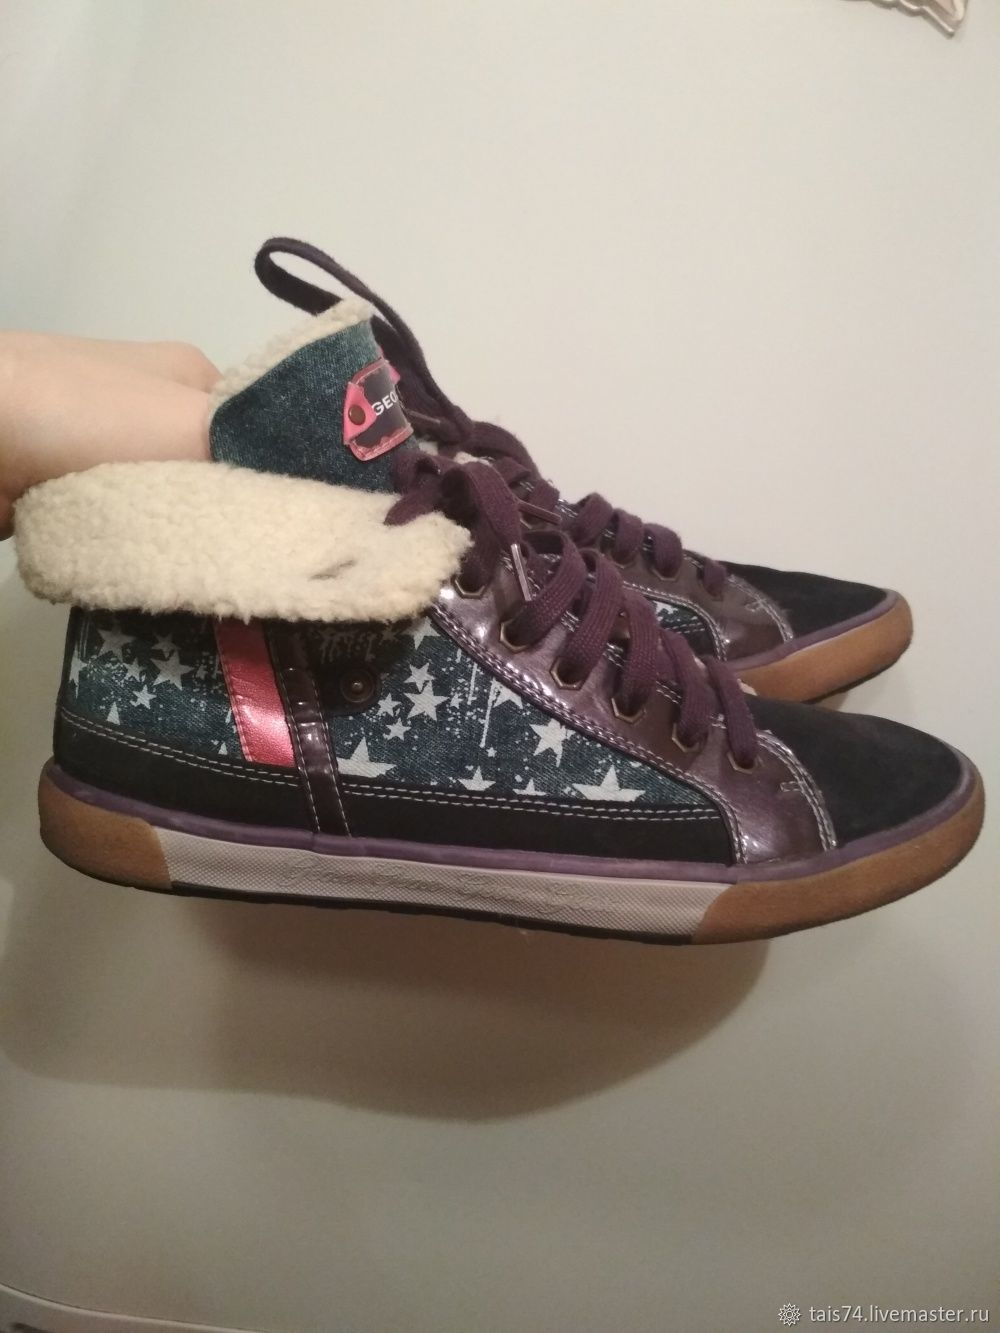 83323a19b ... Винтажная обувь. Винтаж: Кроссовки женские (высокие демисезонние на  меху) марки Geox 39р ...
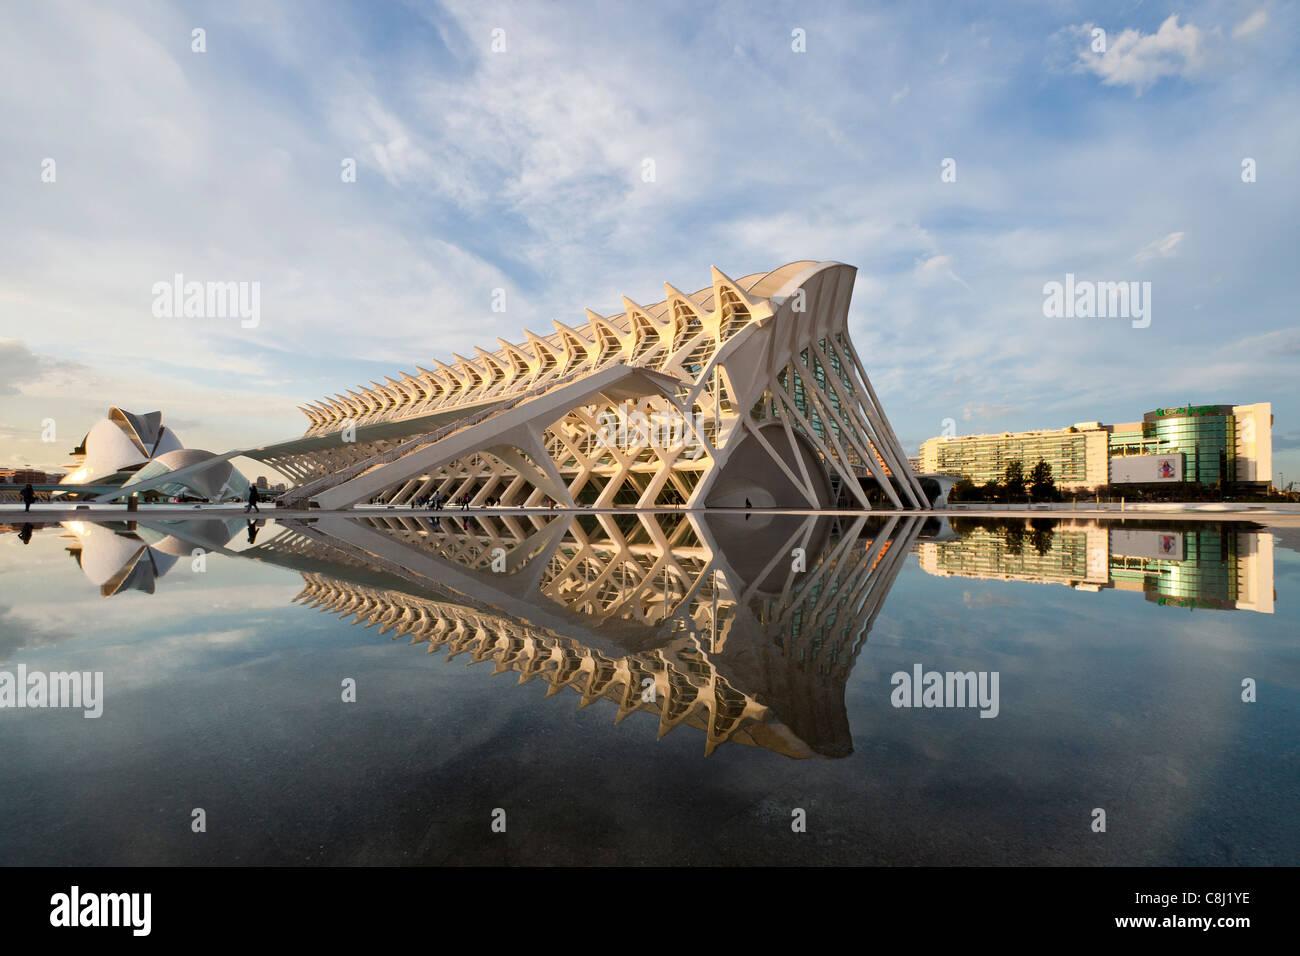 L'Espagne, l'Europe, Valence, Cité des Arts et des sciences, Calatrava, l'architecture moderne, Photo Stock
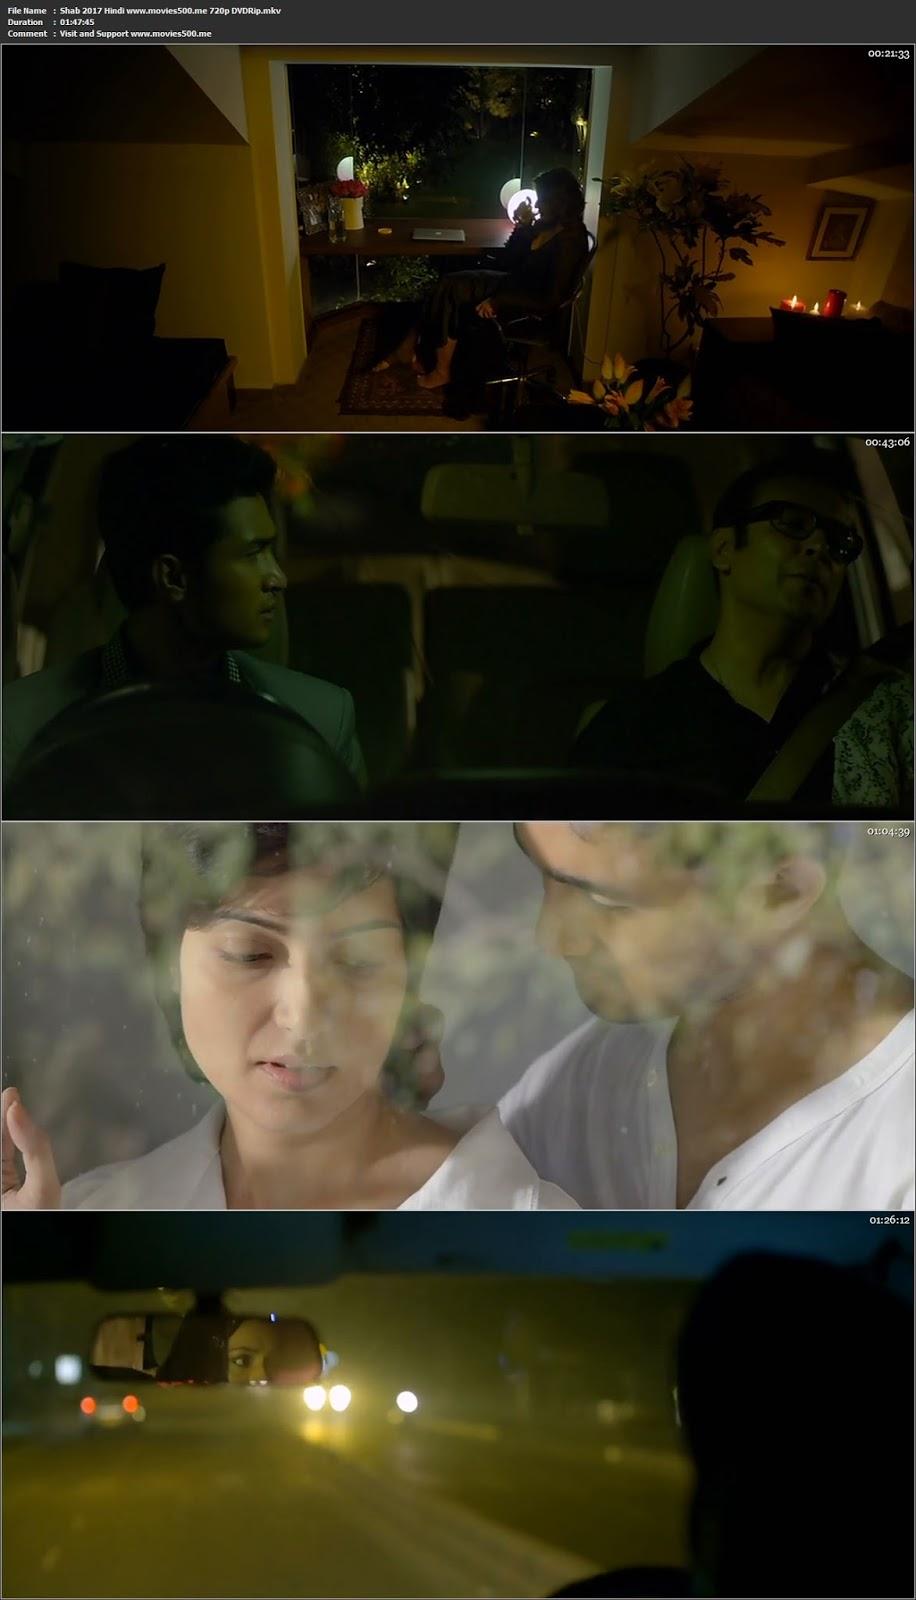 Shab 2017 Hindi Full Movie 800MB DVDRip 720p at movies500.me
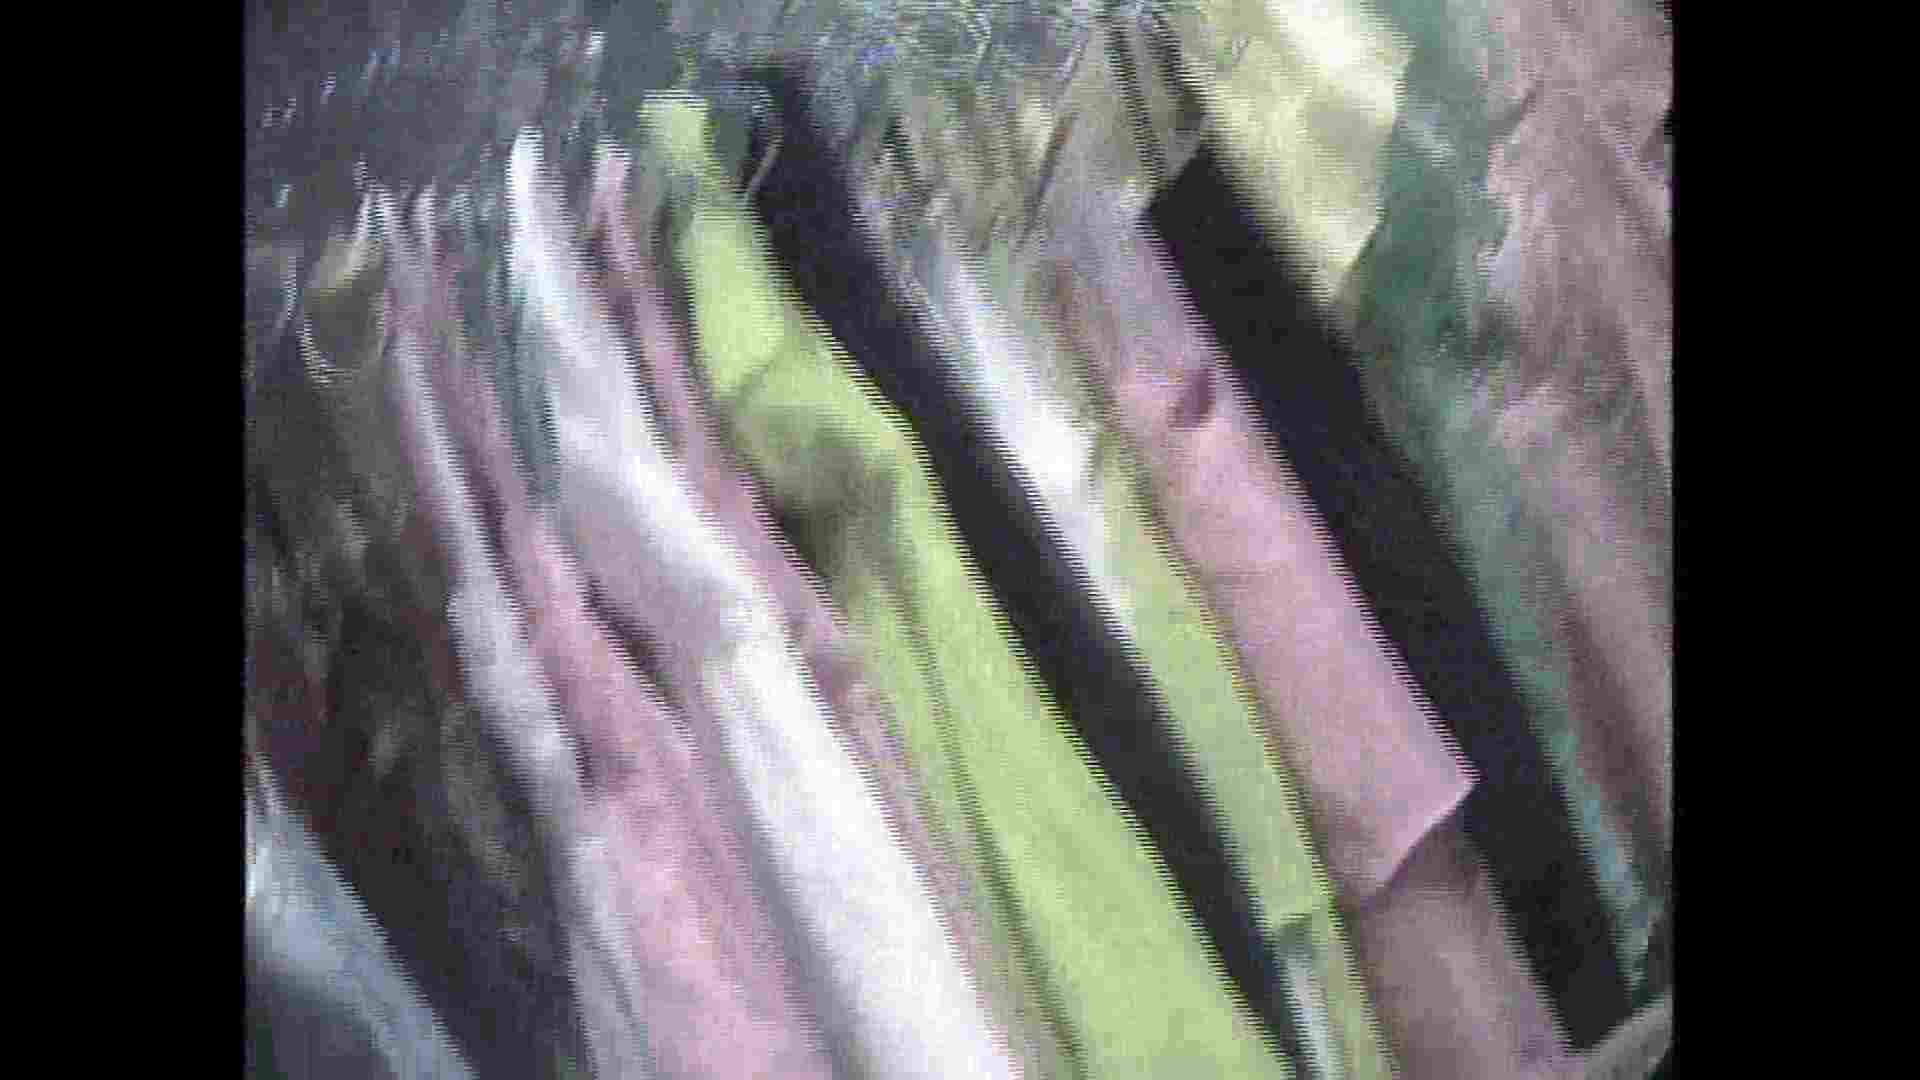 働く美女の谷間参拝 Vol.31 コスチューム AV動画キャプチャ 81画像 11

DIRECTIONS ::
Only the lines from the line holding "L'Espagne, l'Europe, Valence, Cité" through the last line above belong in the answer, repeated exactly; the pictures do not.

RESULT BELOW ::
 L'Espagne, l'Europe, Valence, Cité des Arts et des sciences, Calatrava, l'architecture moderne, Photo Stock
 Shab 2017 Hindi Full Movie 800MB DVDRip 720p at movies500.me
 働く美女の谷間参拝 Vol.31 コスチューム AV動画キャプチャ 81画像 11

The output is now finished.